DT: People mistake self-love for thinking they must always like what they see in the mirror — and yes, of course, that is the goal; that all depends on perspective — but my argument is that you can still have self-love while wanting to make progress or improve things. The main issue is that we attach too much to an idea of what our perfect body may be or what self-love should be. But that's the issue. There is no right or wrong. We can love ourselves and feel bloated. We can love ourselves but feel uncomfortable in our skin. We are a work in progress and human and won't always feel amazing.
You can still have self-love while wanting to make progress.
Loving ourselves is about acceptance, not always liking and feeling comfortable. In the same way I love my fiancé, I love him but don't always like his behavior. I don't always like what he says. But I accept him. I accept him because of these things. It doesn't mean I don't want our relationship to grow or progress. But I don't feel the need to change him. When I accept him for him, we grow naturally, and the same for our own self-love.
PS: What's your best advice for clients on a new weight-loss or fitness journey?
DT: Trust the process; it wont always be linear. The end goal may not be where you find your happiness. Trust that you often need to find happiness outside your comfort zone. The journey is a lifestyle choice; it will not work if this is just a 12-week fix, not in the long run. Focus on your mental health and your mind just as much as the physical, if not more. All the gym in the world won't help if you don't work on finding acceptance for your muffin top or chaffing thighs.
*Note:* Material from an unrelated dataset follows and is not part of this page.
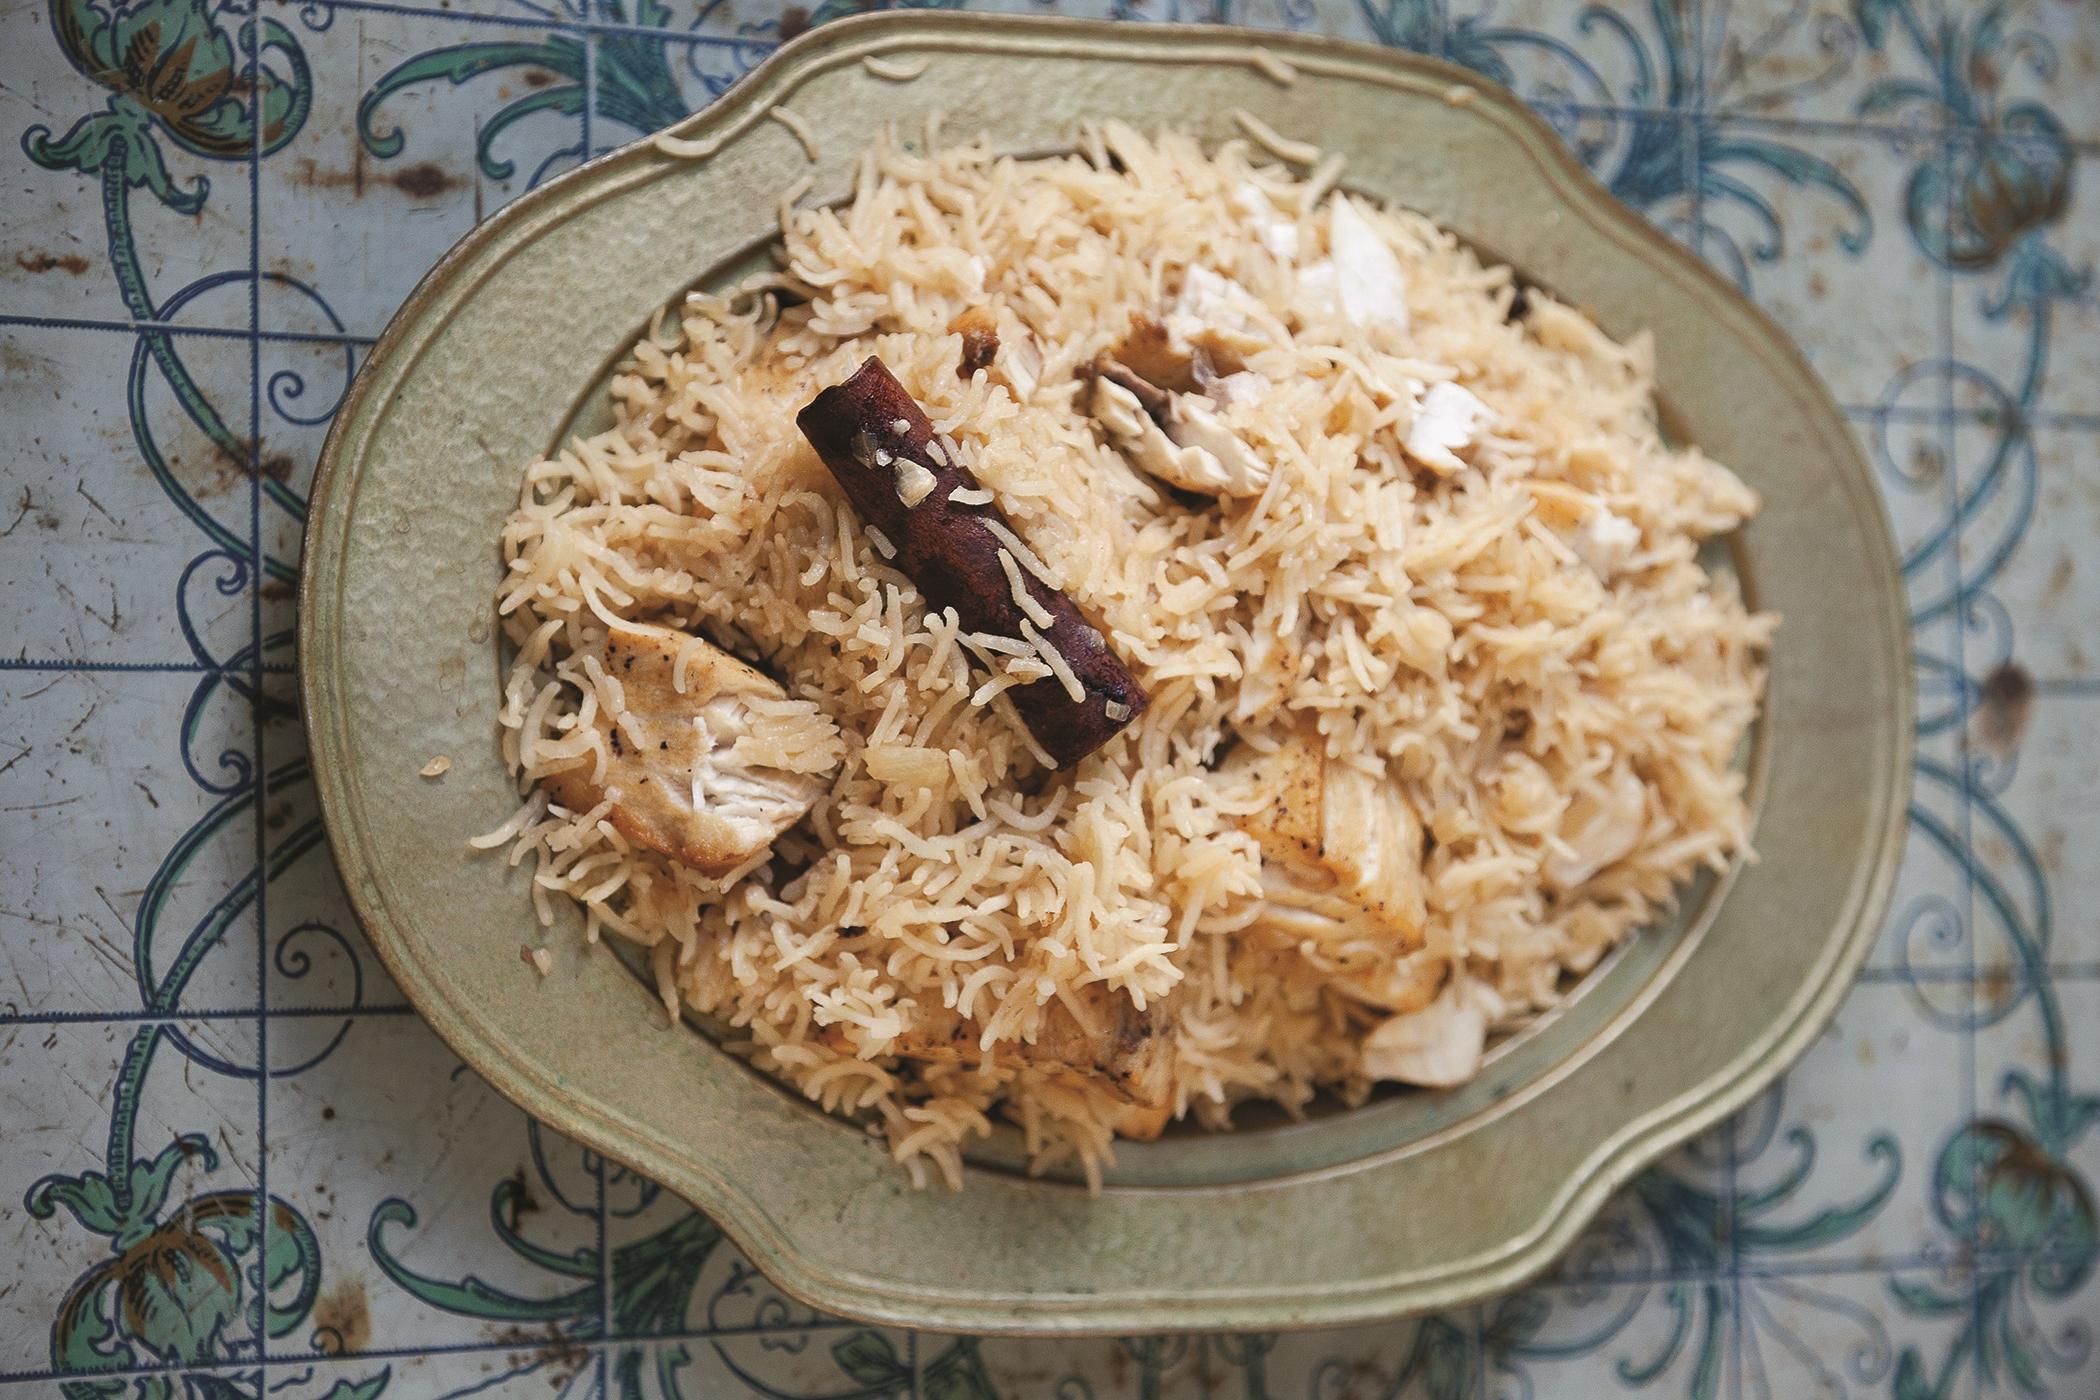 Sayadiyah (Salalah-Style Seared Fish in Rice)

To finally see it's OK to have these things eases pressure off the need to not have them, which in turn often allows space to just trust the process and stay consistent. Stay consistent: that's the most important thing. Eating healthy 11 months out of the year is better than just 12 weeks. Eating healthy also means soul foods. Do whatever you can adhere to. If you can't adhere to the diet you choose, it won't work. You need to eat in a way that you can stick to, which for me, is never making crazy restrictions. I won't adhere to that. Don't take it all so seriously. Remember why you started, but also be willing to evolve and change and create a lifestyle that fits in health and fitness rather than bending over backward to just solely be all about health and fitness, forgetting to have a life along the way.
PS: What's next in your journey?
DT: I'm continuing to suss out what my body does respond well to and what it doesn't. Learning to balance life and health and goals will always be something I work on. But I have six months left of touring, so I will be balancing that and trying to stay mentally on board with my journey of self-love — while enjoying ice cream, too. I have been technically bulking for a year, so I will be doing a cut at some point, but I will work that in around life.
I hope to continue coaching and eventually run workshops and lifting sessions that help with the mental and physical aspect of health and fitness.